About the Author: Beth Schlachter is a program officer in the Office of Population and International Migration at the Department's Bureau of Population, Refugees and Migration. She recently spoke with Todd Pierce, the Bureau's public affairs advisor.QUESTION: You've become the State Department's expert on the migration of health workers. What's the issue all about? And what does it have to do with the U.S. State Department?
MS. SCHLACHTER: The problem is that there is a massive global shortage of health workers – the World Health Organization (WHO) estimates a current worldwide shortage of around four million. This includes all categories of medical professionals, such as doctors, nurses and midwives. The migration of health workers from poor countries to rich ones contributes to keeping health care systems in many developing countries weak.
This is an issue with a big foreign relations component, so the State Department is involved in the U.S. government’s response. Discussions at WHO and the G-8 have focused on efforts to define international standards for the "ethical recruitment" of health workers, and on ways to mitigate the negative effects of migration on the heath care systems in poor countries.
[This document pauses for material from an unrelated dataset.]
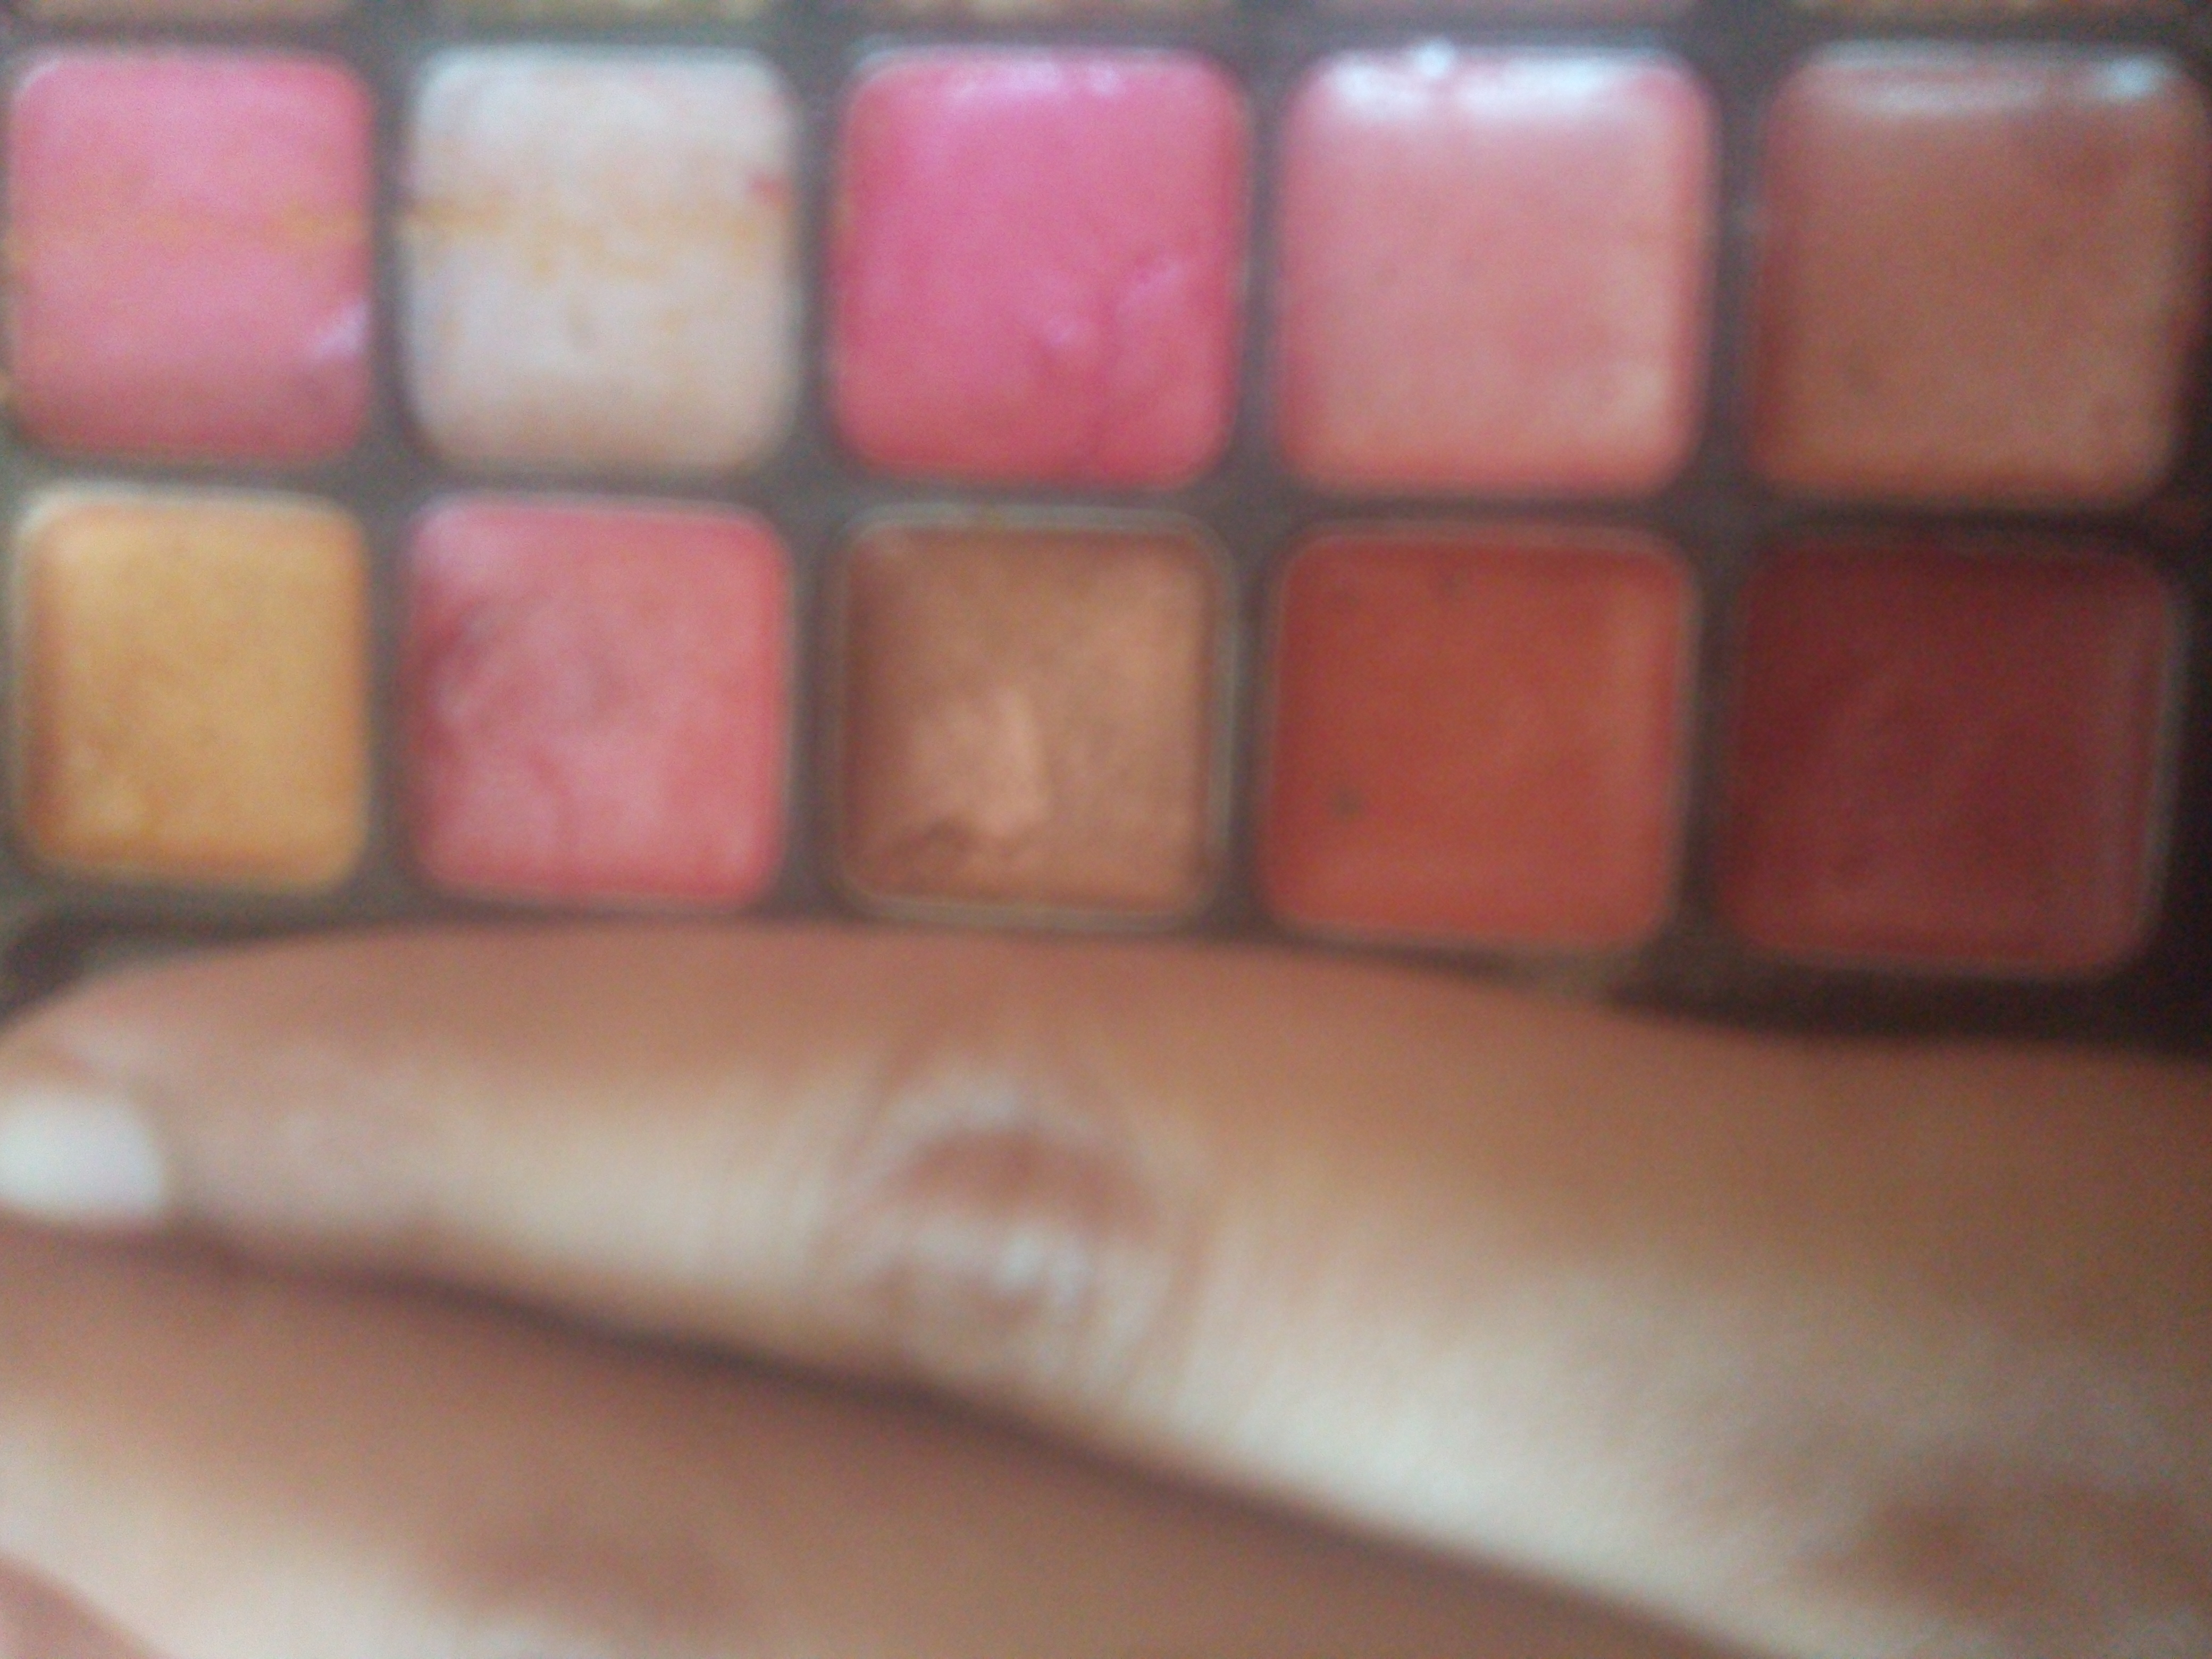 Anastasia Beverly Hills Lip Palette-Gorgeous shades-By pixie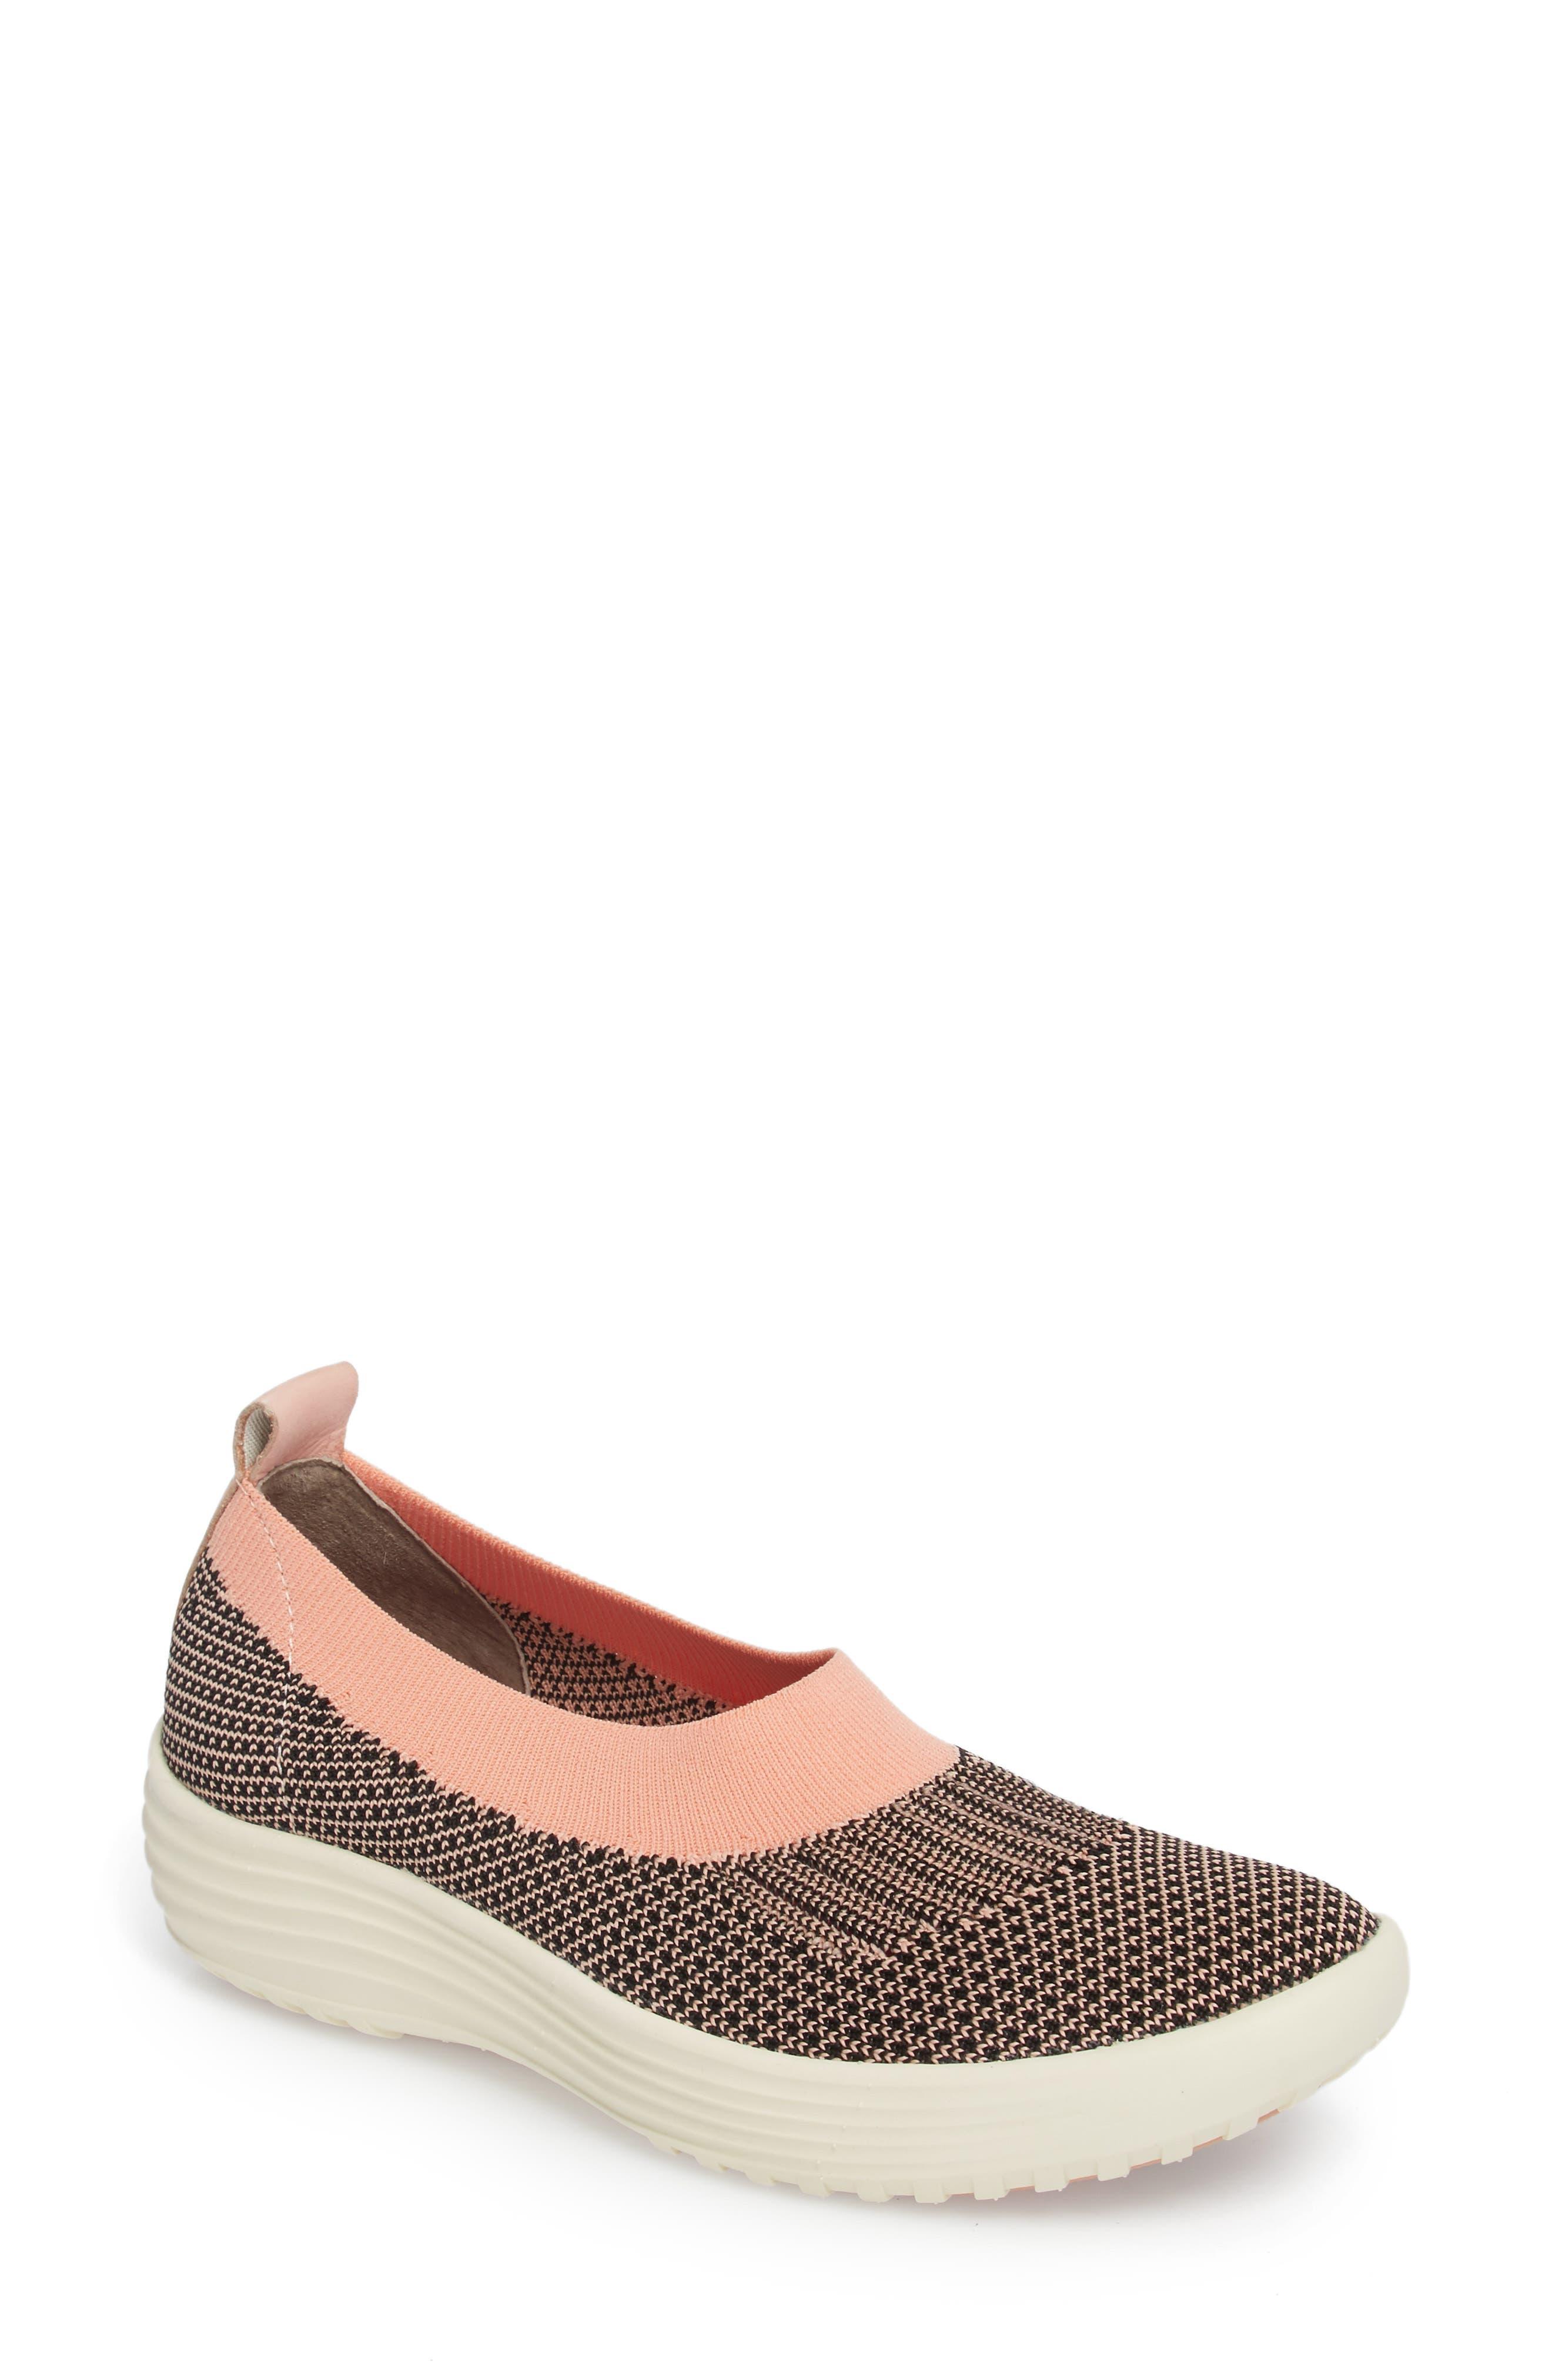 Merigold Slip-On Sock Fit Sneaker,                             Main thumbnail 1, color,                             Pink/ Black Knit Fabric

However, since professionally trained health workers are in such high demand on the international labor market, we have a complex international phenomenon that isn't easily addressed. For example, some countries, such as the Philippines and Pakistan, produce excess health workers for overseas employment because they value the remittances these workers provide, and the Philippines has set up an effective mechanism to monitor the companies which recruit there. Other countries, such as Ghana, have been devastated by an exodus of health workers in the past decade, while still others, such as South Africa, are both migration "source" and "destination" countries for health workers.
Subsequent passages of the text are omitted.